Однако это была иллюзия. Тщательно продуманная и профессионально исполненная иллюзия. Бергер распахнул дверь и вошел в винный погреб. С учетом его вкуса внушительную коллекцию спиртного пополнили парой бутылок дорогого односолодового виски. Пройдя через прохладное, в меру затемненное помещение, Бергер попал в большую комнату. Он называл ее «большой комнатой», хотя, по правде сказать, не знал, как лучше определить то помещение, которое он теперь разглядывал. Совершенно неожиданное открытое пространство, мягкая мебель, обеденный стол, письменный стол. Кухонный уголок, который прятался тут же за углом, полностью оснащенный всем необходимым туалет и баня. На рынке недвижимости за такую «рыбачью хижину с отделкой люкс на отдельном острове» можно получить десятки миллионов. Но ни участок, ни дом не имели никакого отношения к свободному рынку недвижимости. Скорее наоборот. Это было не первое конспиративное жилье СЭПО, где довелось побывать Бергеру, но определенно самое приятное. И его задача заключалась в том, чтобы ждать.

Он пересек большую комнату и подошел к стене, у которой стоял письменный стол. Рядом с огромной картой Стокгольмского архипелага висела доска для записей. На ней было наклеено множество бумажек с различными записями, но все они лишь обрамляли то, что находилось в центре. А по центру доски висела фотография.
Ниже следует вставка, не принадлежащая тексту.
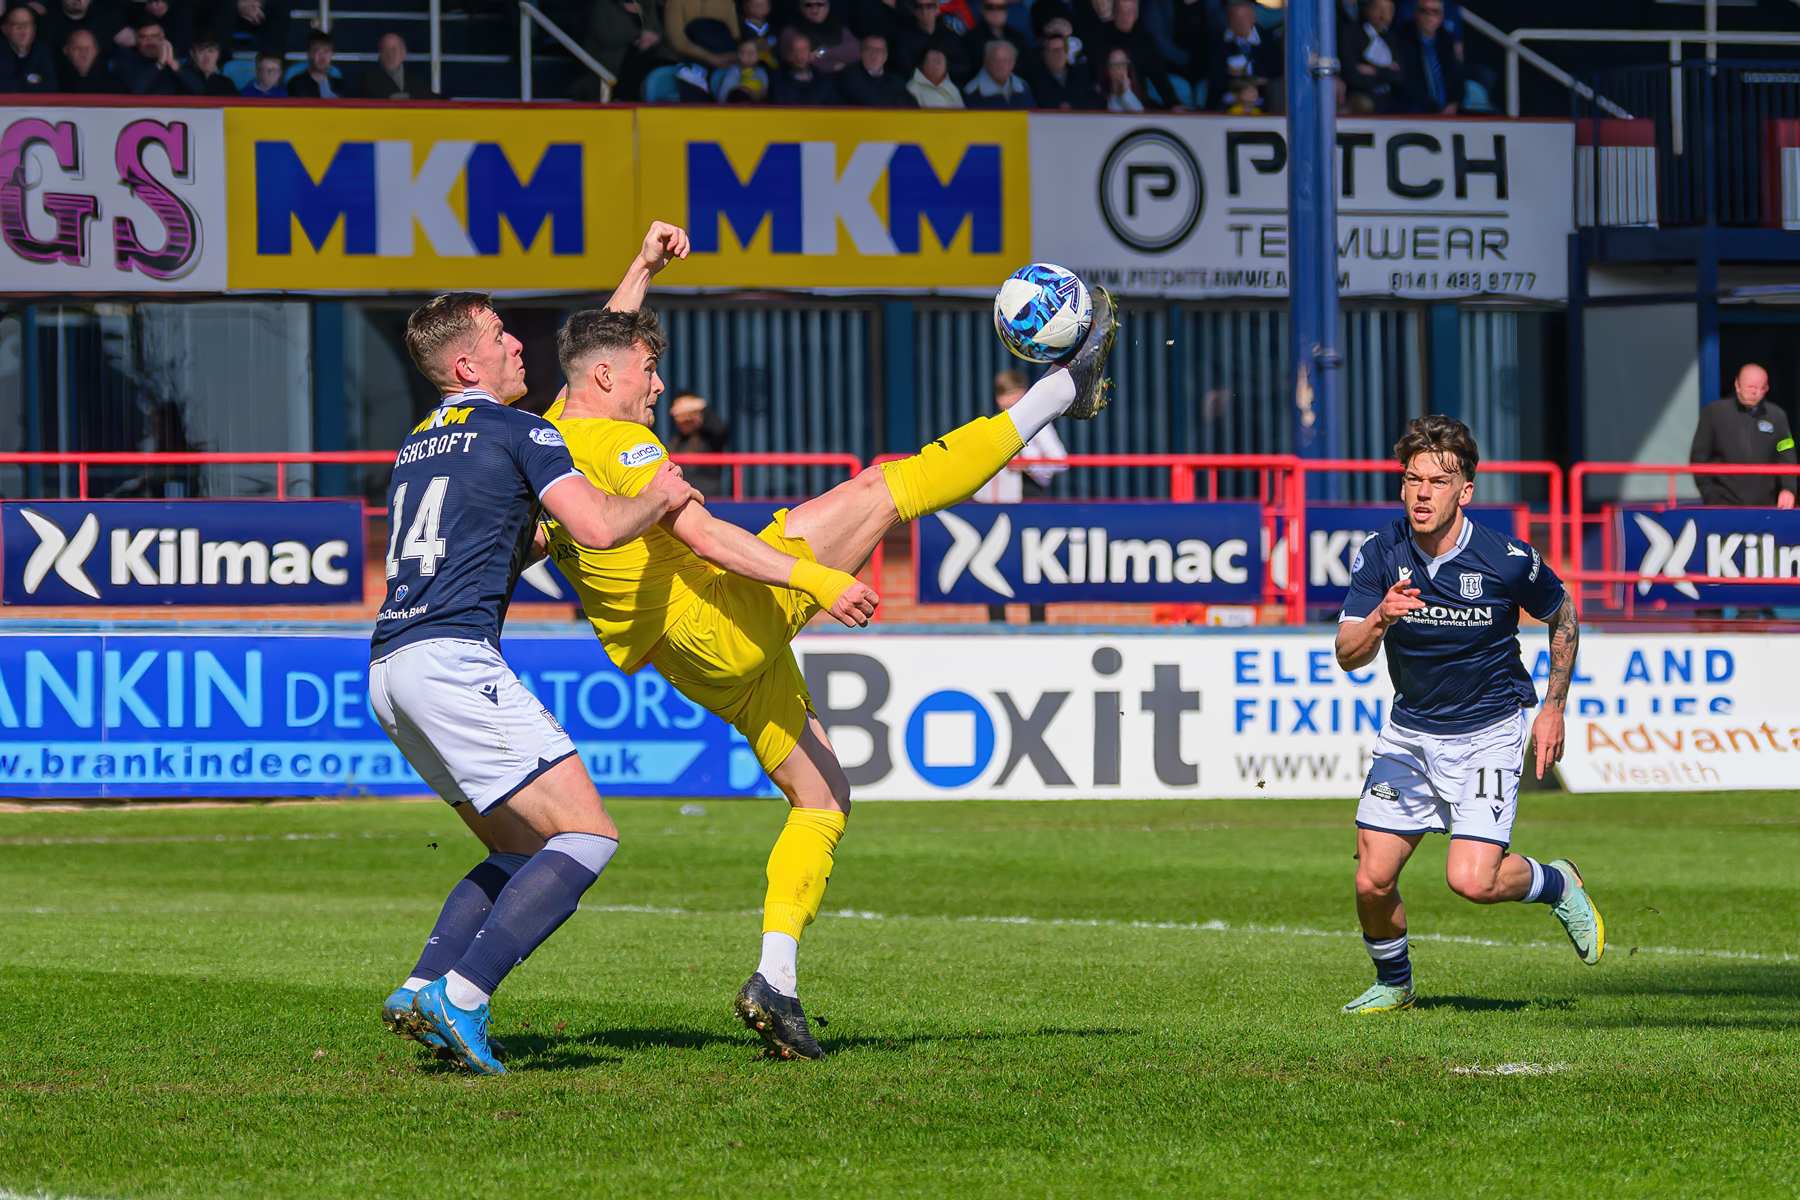 Darragh O'Connor gutted with draw after first Morton goal

Обычная школьная фотография улыбающейся темноволосой девочки. Аиша Пачачи, символ неудачи Сэма Бергера. Одна из семи похищенных девочек, которую им с Молли Блум не удалось освободить.

Семь минус один.

Скоро она станет совершеннолетней.

Бергер, разумеется, понимал, что СЭПО ведет широкомасштабную охоту на людей; если бы ему разрешили в ней участвовать, его вклад явно не был бы существенным. И все-таки обидно сидеть тут просто так, в качестве какого-то запасного ресурса, «по-настоящему невидимым», как выразился Август Стен.
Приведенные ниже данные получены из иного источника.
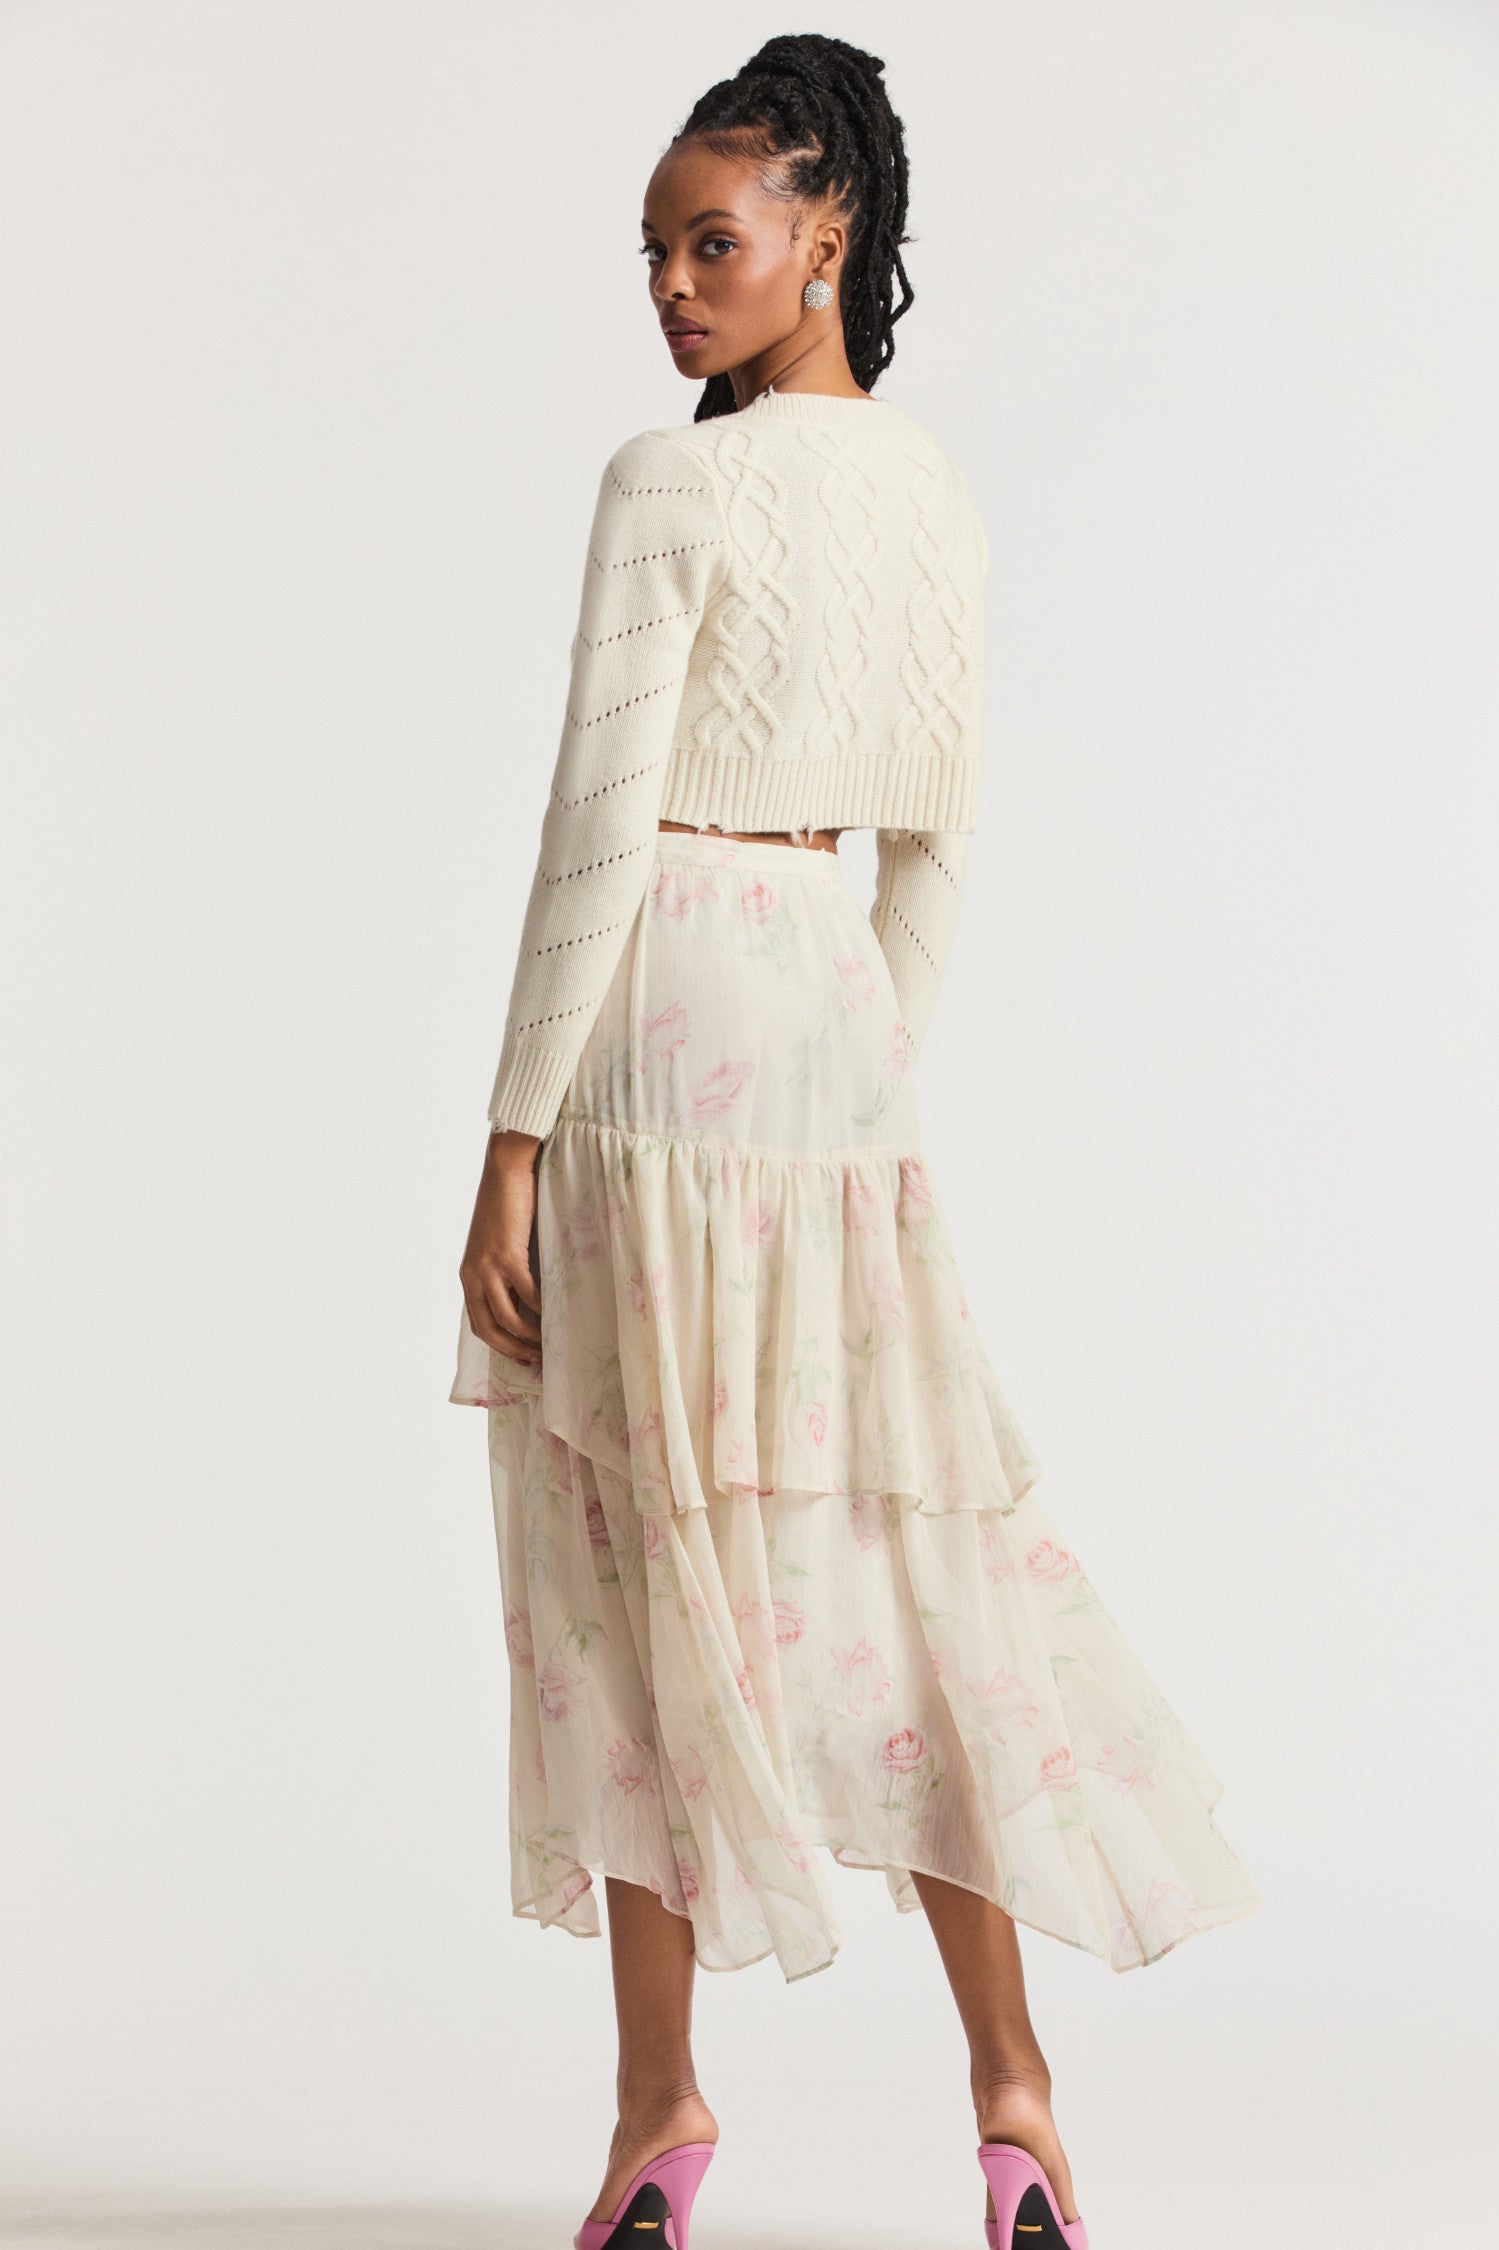 White maxi skirt in chiffon and rose print all over. Features a fixed waistband and falls into two elongated tiers with handkerchief hems.

Аиша Пачачи. Однажды ее забрал мужчина, который хотел ее защитить. А потом ее похитили во второй раз, на этот раз перебежчик из СЭПО, опаснейший человек по имени Карстен, за которым теперь все охотятся.

Вот так обстоят дела.

Поморщившись, Бергер отвел взгляд от фотографии Аиши. Теперь он смотрел на единственный угол «большой комнаты», где не царил идеальный порядок. Там стояло четыре огромных коробки с запихнутыми кое-как вещами. У Бергера еще больше скривилось лицо. От одной мысли о том, что помощники Стена – и это явно не был не существующий больше дуэт Кент плюс Рой – рылись в ящиках его стола, у Бергера к горлу подступала тошнота. В то же время, он все понимал. Сэма Бергера разыскивала вся Швеция, поэтому о том, чтобы появиться у себя дома на улице Плуггатан в районе Сёдермальм, не могло быть и речи. И все же он не мог избавиться от стоящей перед глазами картинки: грубая рука роется в нижнем ящике комода в поисках его трусов, равнодушно отбрасывая в сторону детские и женские вещи. Естественно, они привезли много разного хлама, хранившегося в неприбранной гардеробной. Бергер мрачно взглянул на ближайшую к себе коробку. Конечно, ему просто необходим желтый велосипедный шлем, два пульта от телевизора, коробка гвоздей, пара старых школьных альбомов, мягкая игрушка в виде змеи, сломанная ракетка для бадминтона и стопка выпавших страниц из справочника по оказанию первой помощи. Без этих вещей на необитаемом острове никак не обойтись.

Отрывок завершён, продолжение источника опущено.